Task objective:
Please copy out each line of the entries in which "azul" appears.

#### Data shown ####

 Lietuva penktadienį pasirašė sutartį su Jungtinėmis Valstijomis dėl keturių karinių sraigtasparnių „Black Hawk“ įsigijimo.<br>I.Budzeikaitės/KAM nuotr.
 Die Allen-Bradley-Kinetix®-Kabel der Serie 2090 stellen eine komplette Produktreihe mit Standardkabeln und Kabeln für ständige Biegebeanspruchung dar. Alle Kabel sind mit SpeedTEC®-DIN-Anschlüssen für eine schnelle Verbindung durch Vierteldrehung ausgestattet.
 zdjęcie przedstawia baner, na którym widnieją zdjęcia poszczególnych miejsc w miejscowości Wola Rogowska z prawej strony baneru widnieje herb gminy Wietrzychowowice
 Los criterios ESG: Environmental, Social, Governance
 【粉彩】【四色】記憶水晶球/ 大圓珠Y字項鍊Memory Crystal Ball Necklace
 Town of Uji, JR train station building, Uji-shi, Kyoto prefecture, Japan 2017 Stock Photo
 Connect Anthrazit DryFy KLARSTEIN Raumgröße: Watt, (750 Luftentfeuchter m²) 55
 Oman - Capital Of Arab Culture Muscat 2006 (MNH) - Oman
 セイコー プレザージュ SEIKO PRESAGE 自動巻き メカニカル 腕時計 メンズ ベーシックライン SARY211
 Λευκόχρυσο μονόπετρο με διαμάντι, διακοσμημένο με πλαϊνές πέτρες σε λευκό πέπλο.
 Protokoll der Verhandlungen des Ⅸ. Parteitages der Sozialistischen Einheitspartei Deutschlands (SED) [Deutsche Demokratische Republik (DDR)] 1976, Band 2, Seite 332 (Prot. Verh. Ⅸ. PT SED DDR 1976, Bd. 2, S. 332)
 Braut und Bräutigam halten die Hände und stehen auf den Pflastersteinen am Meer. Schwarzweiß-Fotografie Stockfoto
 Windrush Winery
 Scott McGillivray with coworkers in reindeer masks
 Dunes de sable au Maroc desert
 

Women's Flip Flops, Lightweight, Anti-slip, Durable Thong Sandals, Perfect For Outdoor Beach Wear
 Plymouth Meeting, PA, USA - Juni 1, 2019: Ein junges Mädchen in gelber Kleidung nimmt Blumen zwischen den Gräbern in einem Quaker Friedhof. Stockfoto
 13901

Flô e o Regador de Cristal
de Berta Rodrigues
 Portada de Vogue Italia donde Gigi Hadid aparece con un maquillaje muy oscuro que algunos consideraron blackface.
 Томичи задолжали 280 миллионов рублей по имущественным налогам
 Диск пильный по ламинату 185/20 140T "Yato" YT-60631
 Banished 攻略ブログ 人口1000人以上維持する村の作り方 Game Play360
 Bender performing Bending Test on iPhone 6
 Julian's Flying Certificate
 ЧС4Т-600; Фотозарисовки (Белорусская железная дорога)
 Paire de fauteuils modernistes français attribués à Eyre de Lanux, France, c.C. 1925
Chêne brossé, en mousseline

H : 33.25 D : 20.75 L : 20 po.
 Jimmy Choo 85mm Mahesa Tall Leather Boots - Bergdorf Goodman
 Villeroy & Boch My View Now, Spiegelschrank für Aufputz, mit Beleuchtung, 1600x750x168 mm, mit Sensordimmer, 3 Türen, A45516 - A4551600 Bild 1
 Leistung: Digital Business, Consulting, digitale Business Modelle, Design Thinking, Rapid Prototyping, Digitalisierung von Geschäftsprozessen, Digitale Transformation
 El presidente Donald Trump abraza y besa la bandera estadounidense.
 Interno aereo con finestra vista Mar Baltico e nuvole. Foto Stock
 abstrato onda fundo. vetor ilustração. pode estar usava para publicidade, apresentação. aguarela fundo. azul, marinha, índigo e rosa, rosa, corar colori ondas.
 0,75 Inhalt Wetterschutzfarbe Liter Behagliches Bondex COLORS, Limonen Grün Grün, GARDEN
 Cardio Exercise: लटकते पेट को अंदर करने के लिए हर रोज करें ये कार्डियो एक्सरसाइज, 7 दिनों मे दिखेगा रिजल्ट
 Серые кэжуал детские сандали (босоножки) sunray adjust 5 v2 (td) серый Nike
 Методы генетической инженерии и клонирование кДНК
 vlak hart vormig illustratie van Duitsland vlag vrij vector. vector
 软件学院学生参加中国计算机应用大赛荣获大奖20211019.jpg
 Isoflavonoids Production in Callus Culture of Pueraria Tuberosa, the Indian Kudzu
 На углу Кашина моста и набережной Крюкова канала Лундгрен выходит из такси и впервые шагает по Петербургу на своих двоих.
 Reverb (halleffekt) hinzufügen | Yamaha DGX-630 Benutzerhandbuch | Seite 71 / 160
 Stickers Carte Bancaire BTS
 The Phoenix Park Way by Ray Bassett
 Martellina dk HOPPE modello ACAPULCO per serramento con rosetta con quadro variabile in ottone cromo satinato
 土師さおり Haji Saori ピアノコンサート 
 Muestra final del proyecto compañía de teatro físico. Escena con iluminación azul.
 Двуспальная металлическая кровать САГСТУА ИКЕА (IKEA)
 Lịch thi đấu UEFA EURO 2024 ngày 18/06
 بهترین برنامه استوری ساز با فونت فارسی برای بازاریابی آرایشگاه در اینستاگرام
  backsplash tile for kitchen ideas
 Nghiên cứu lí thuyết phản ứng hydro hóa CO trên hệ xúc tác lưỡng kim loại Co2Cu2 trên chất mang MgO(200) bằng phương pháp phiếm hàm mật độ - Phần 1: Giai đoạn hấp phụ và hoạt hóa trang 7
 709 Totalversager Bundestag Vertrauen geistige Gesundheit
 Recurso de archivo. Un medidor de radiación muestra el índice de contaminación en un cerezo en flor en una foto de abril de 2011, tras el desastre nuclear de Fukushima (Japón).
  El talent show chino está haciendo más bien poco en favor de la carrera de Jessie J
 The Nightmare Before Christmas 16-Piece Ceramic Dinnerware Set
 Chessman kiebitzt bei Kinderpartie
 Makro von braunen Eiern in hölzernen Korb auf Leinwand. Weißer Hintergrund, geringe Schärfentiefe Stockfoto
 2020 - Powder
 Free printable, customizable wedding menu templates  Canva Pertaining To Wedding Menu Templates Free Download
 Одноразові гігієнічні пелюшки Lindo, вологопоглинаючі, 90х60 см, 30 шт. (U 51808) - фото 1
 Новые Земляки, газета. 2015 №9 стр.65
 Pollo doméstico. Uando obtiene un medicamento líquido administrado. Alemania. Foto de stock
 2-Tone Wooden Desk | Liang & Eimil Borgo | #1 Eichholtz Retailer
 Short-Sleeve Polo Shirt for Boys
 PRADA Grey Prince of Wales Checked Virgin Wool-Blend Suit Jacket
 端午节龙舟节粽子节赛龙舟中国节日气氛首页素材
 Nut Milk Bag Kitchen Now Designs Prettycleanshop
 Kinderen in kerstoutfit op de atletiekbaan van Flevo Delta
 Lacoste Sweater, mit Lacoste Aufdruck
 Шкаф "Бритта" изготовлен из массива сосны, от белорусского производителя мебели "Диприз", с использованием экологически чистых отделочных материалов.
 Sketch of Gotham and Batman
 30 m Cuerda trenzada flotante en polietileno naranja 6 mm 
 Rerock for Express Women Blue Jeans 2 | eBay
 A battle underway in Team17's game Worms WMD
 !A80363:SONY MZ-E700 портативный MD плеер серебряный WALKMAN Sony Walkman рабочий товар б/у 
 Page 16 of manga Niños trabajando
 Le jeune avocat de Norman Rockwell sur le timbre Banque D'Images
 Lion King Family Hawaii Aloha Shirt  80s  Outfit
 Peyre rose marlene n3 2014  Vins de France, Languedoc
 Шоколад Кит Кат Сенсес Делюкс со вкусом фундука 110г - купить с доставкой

####

Your solution:
 abstrato onda fundo. vetor ilustração. pode estar usava para publicidade, apresentação. aguarela fundo. azul, marinha, índigo e rosa, rosa, corar colori ondas.
 Muestra final del proyecto compañía de teatro físico. Escena con iluminación azul.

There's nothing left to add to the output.